# General Operation from Binary Operation

## Theorem

Let $\left({S, \oplus}\right)$ be a magma.

Then there a unique sequence $\left \langle {\oplus_k} \right \rangle_{k \mathop \ge 1}$ such that:

$(1): \quad \forall n \in \N_{>0}: \oplus_n$ is an $n$-ary operation on $S$ such that:
$(2): \quad \forall \left({a_1, \ldots, a_k}\right) \in S^k: \oplus_k \left({a_1, \ldots, a_k}\right) = \begin{cases} a: & k = 1 \\ \oplus_n \left({a_1, \ldots, a_n}\right) \oplus a_{n+1}: & k = n + 1 \end{cases}$

In particular, $\oplus_2$ is the same as the given binary operation $\oplus$.

The $n$th term $\oplus_n$ of the sequence $\left \langle {\oplus} \right \rangle$ is called the $n$-ary operation defined by $\oplus$.

## Proof

Let $\Bbb S = \left\{{\odot:}\right.$ for some $n \in \N_{>0}$, $\odot$ is an $n$-ary operation on $\left.{S}\right\}$.

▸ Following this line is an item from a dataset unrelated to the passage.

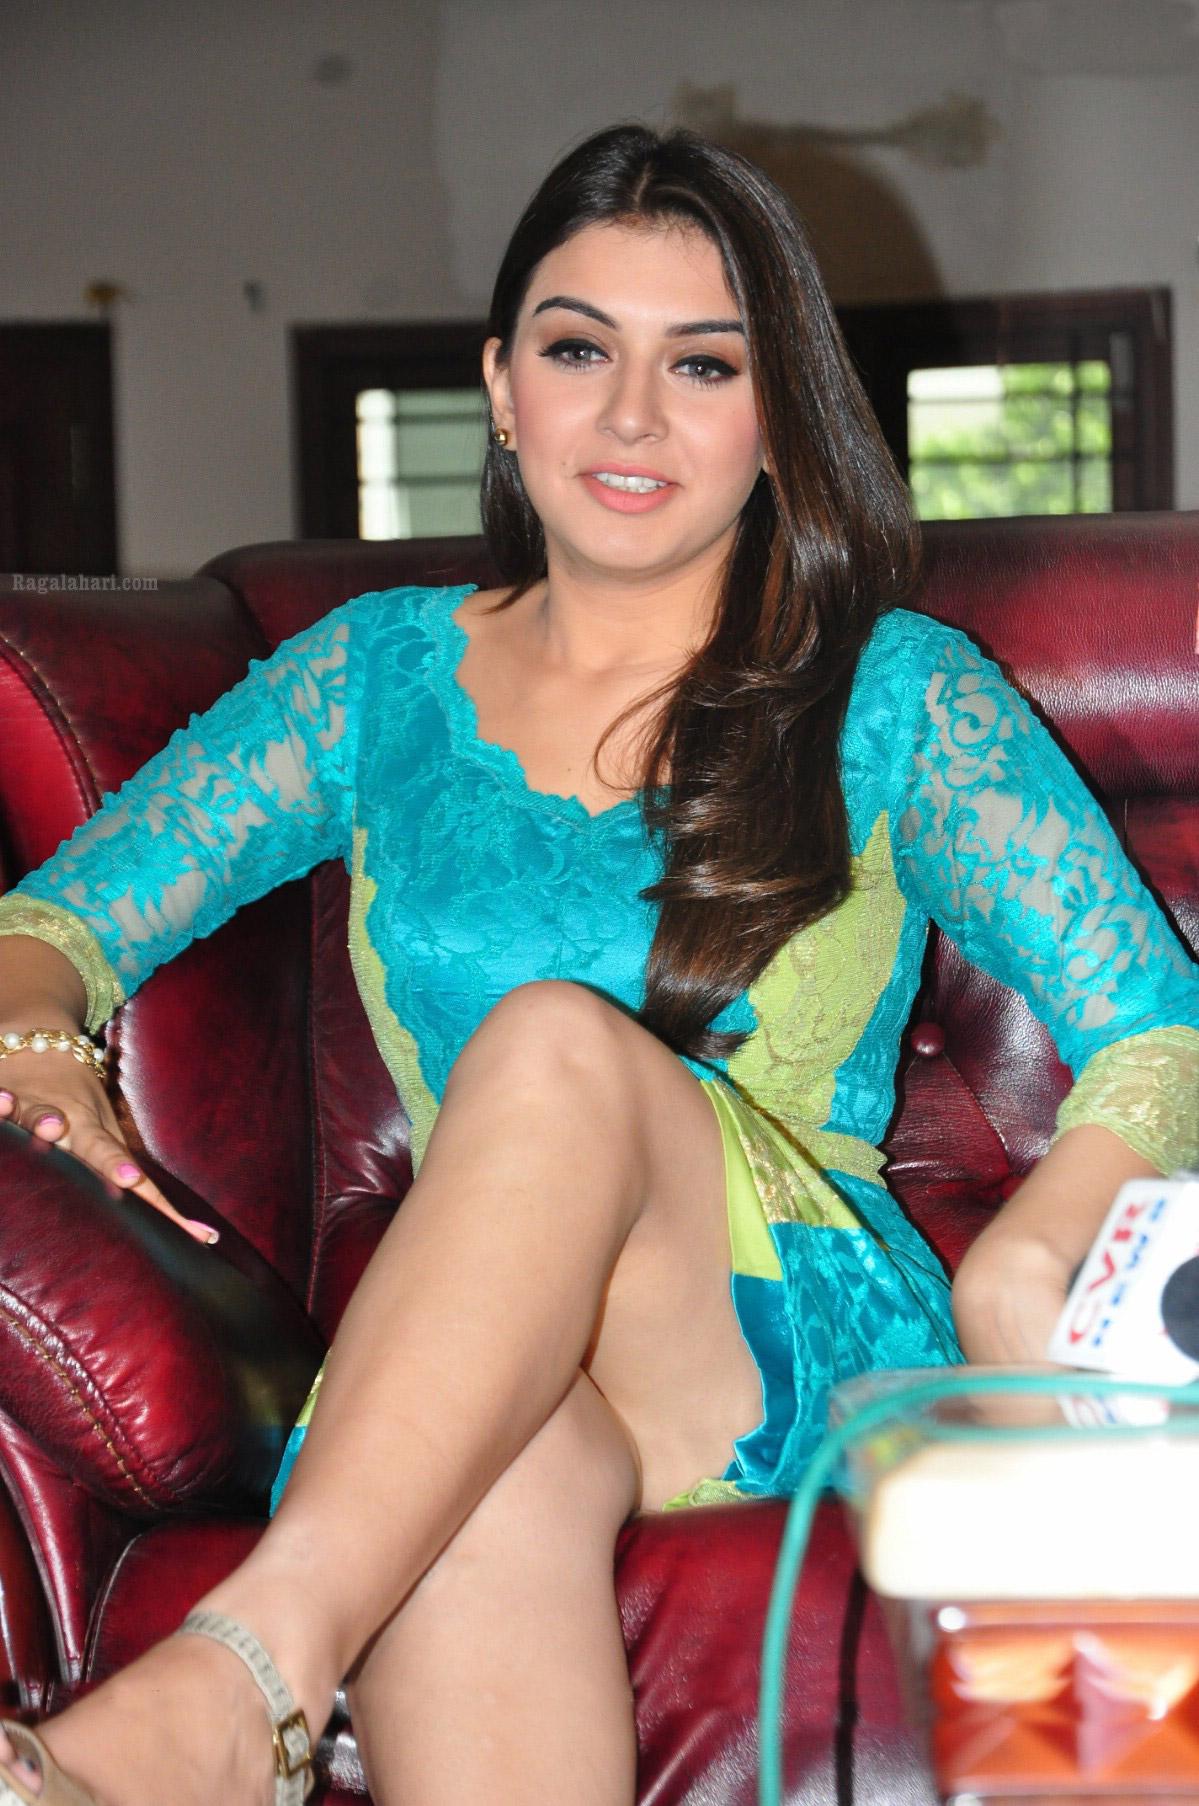 HANSIKA MOTWANI LEG SHOW IN SOMETHING SOMETHING   Bollywood Lovers

Let $s: \Bbb S \to \Bbb S$ be the mapping defined as follows.

Let $\odot$ be any $n$-ary operation defined on $\Bbb S$.

Then $s \left({\odot}\right)$ is the $\left({n+1}\right)$-ary operation defined by:

$\forall \left({a_1, \ldots, a_n, a_{n+1}}\right) \in S^{n+1}: s \left({\odot}\right) \left({a_1, \ldots, a_n, a_{n+1}}\right) = \odot \left({a_1, \ldots, a_n}\right) \oplus a_{n+1}$

By the Principle of Recursive Definition, there is a unique sequence $\left \langle {\oplus_k} \right \rangle_{k \mathop \ge 1}$ such that:

$\oplus_1$ is the unary operation defined as $\oplus_1 \left({a}\right) = a$

and:

$\oplus_{n+1} = s \left({\oplus_n}\right)$ for each $n \in \N_{>0}$.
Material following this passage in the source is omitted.